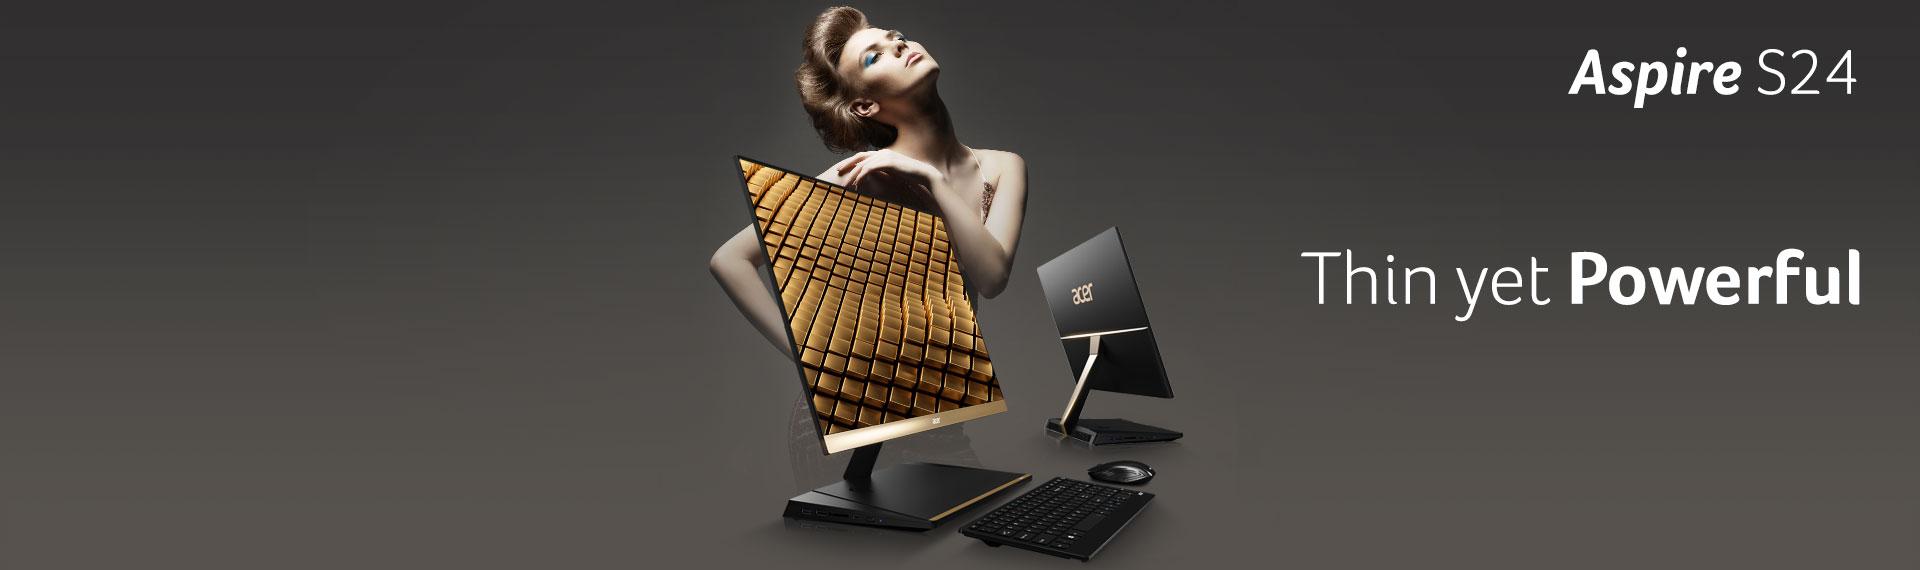 Acer Aspire S24, PC AIO Fleksibel dalam Desain Super Tipis
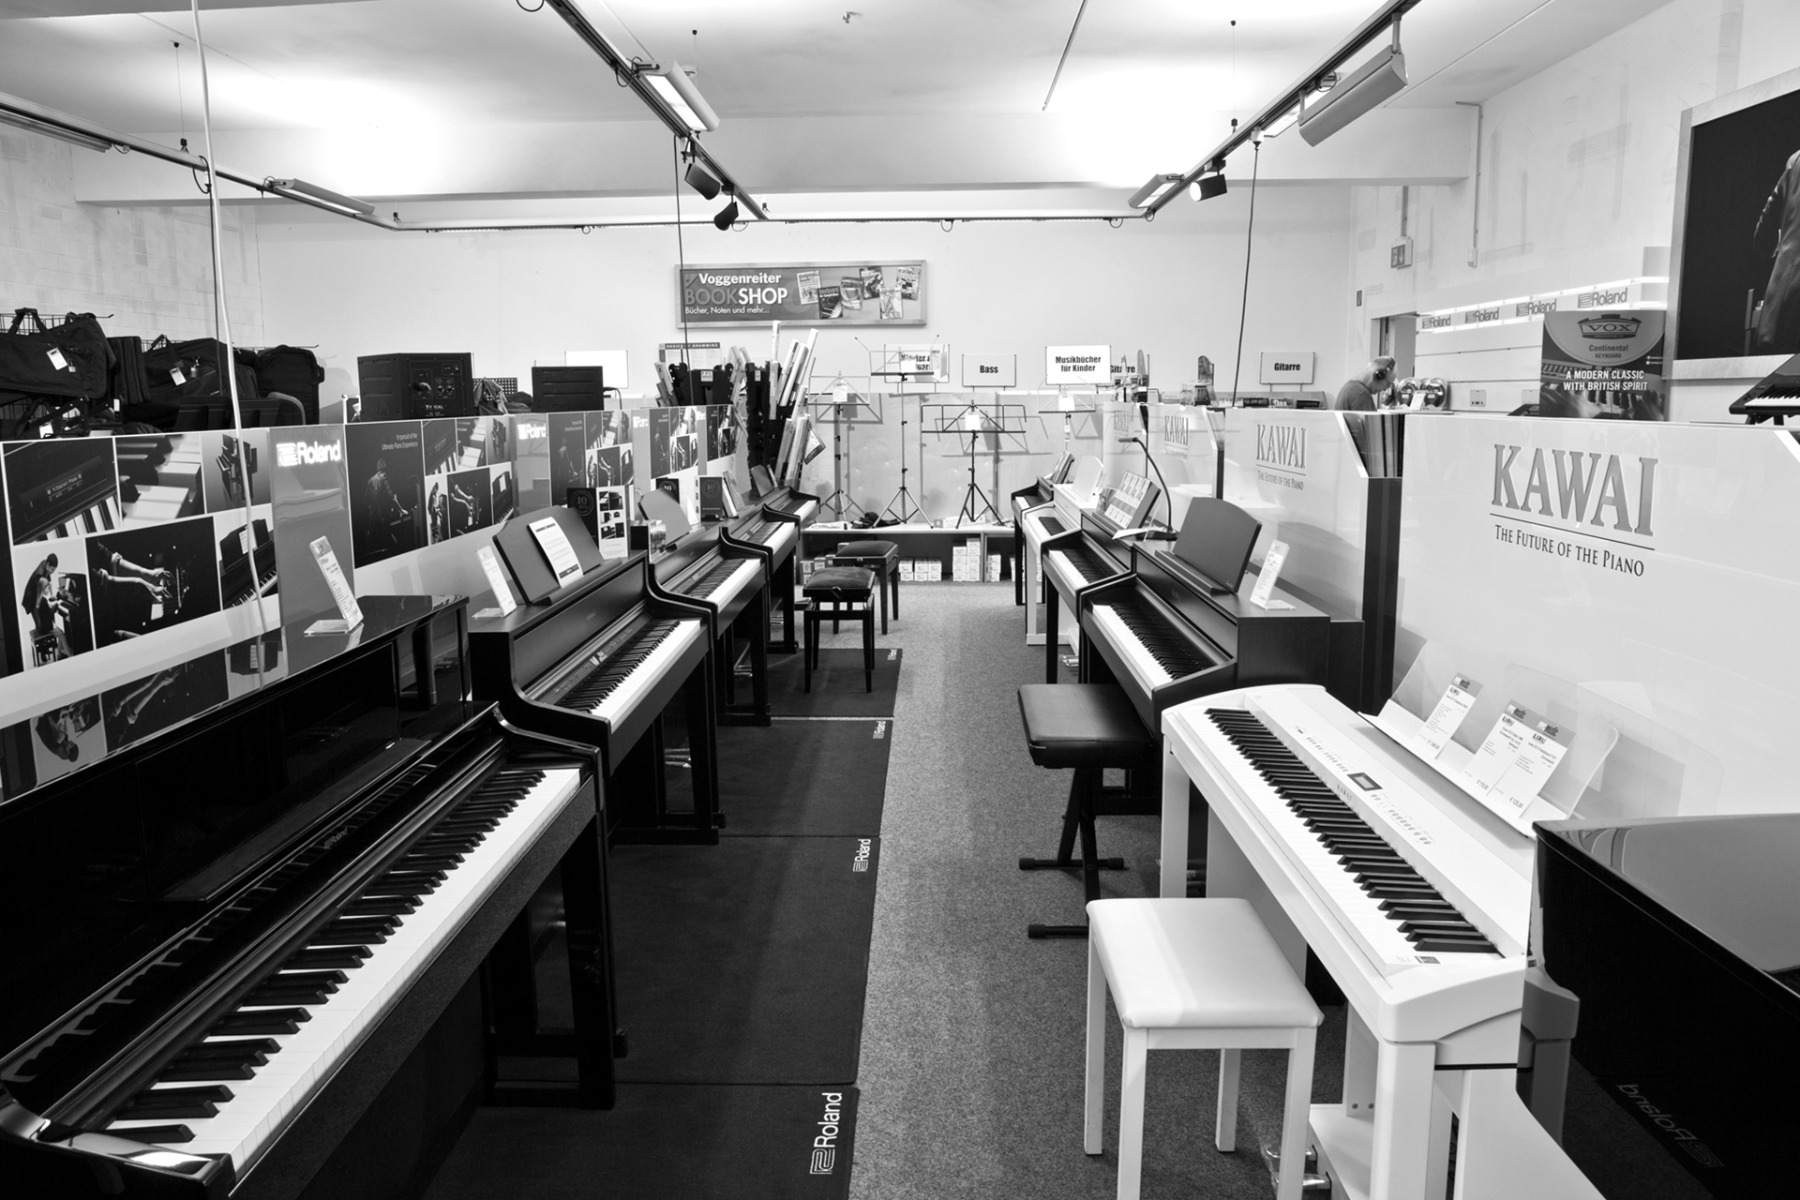 keyboard und piano
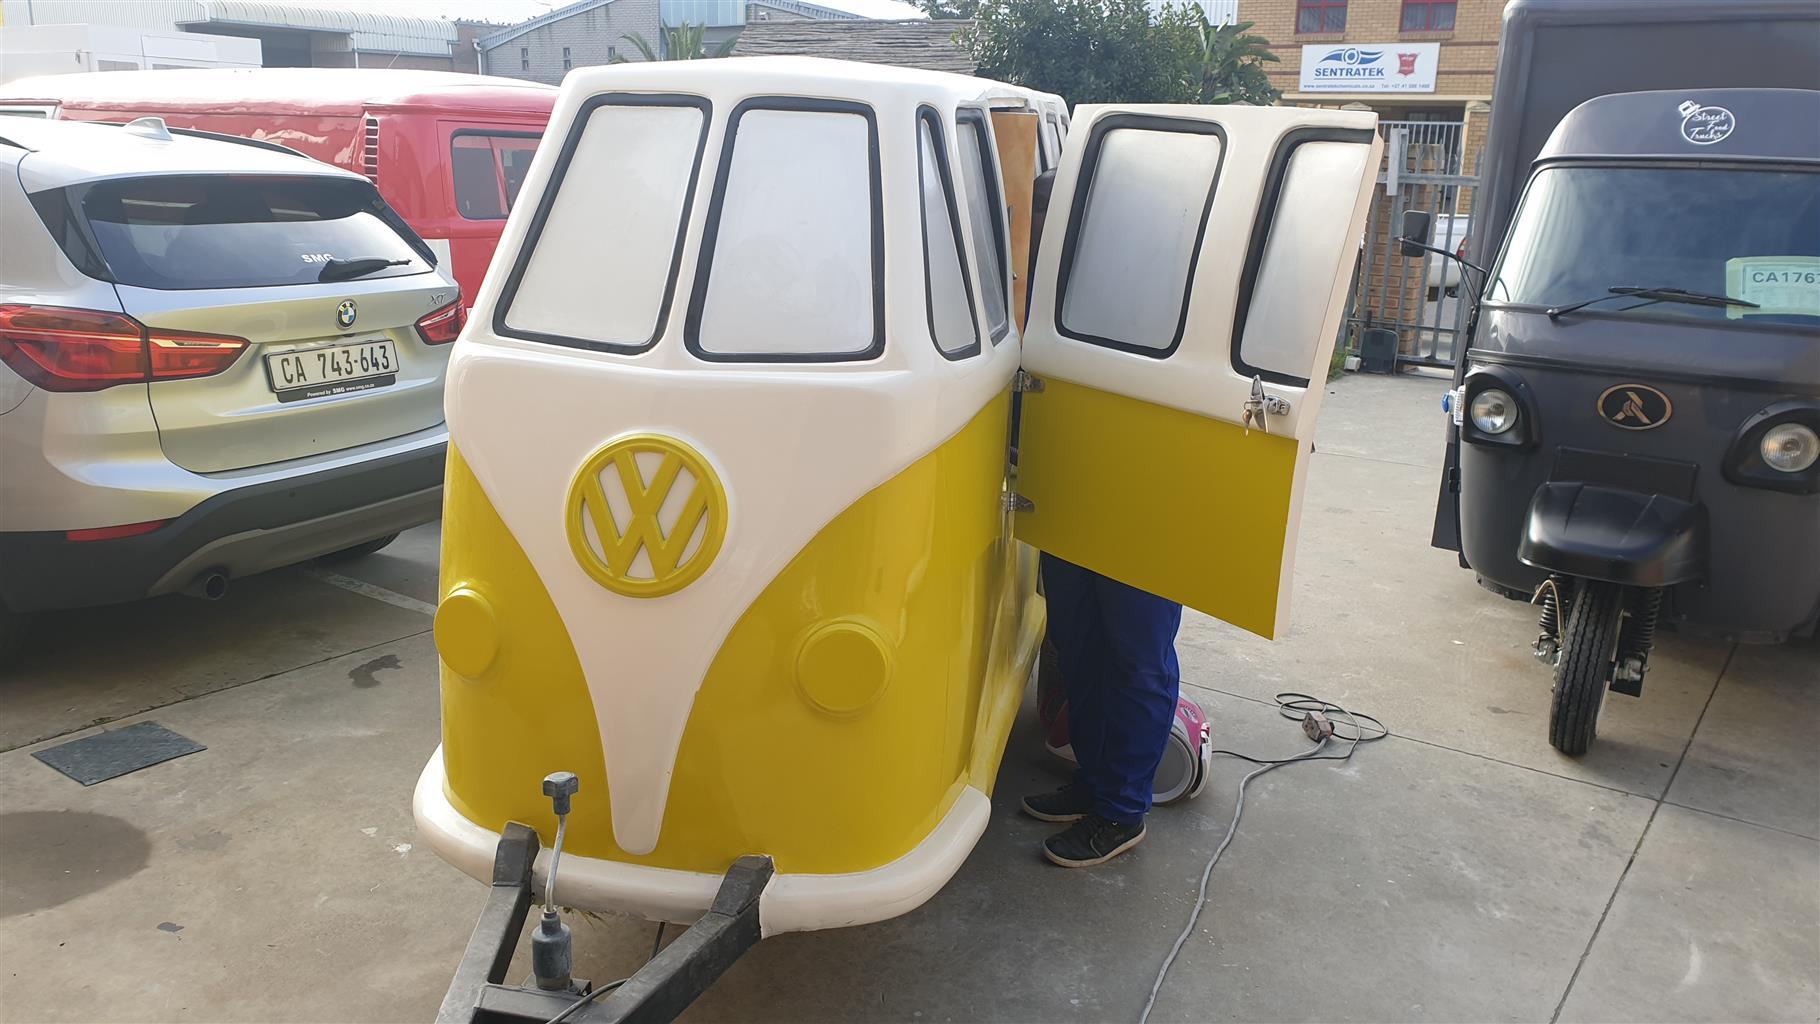 VW Kombi Mini Replica Utility Trailer

■ ■ ■

**Work request:**
Retype the data above exactly; pictures are not part of the copy.

**Your solution:**
 Acer Aspire S24, PC AIO Fleksibel dalam Desain Super Tipis
 keyboard und piano
 VW Kombi Mini Replica Utility Trailer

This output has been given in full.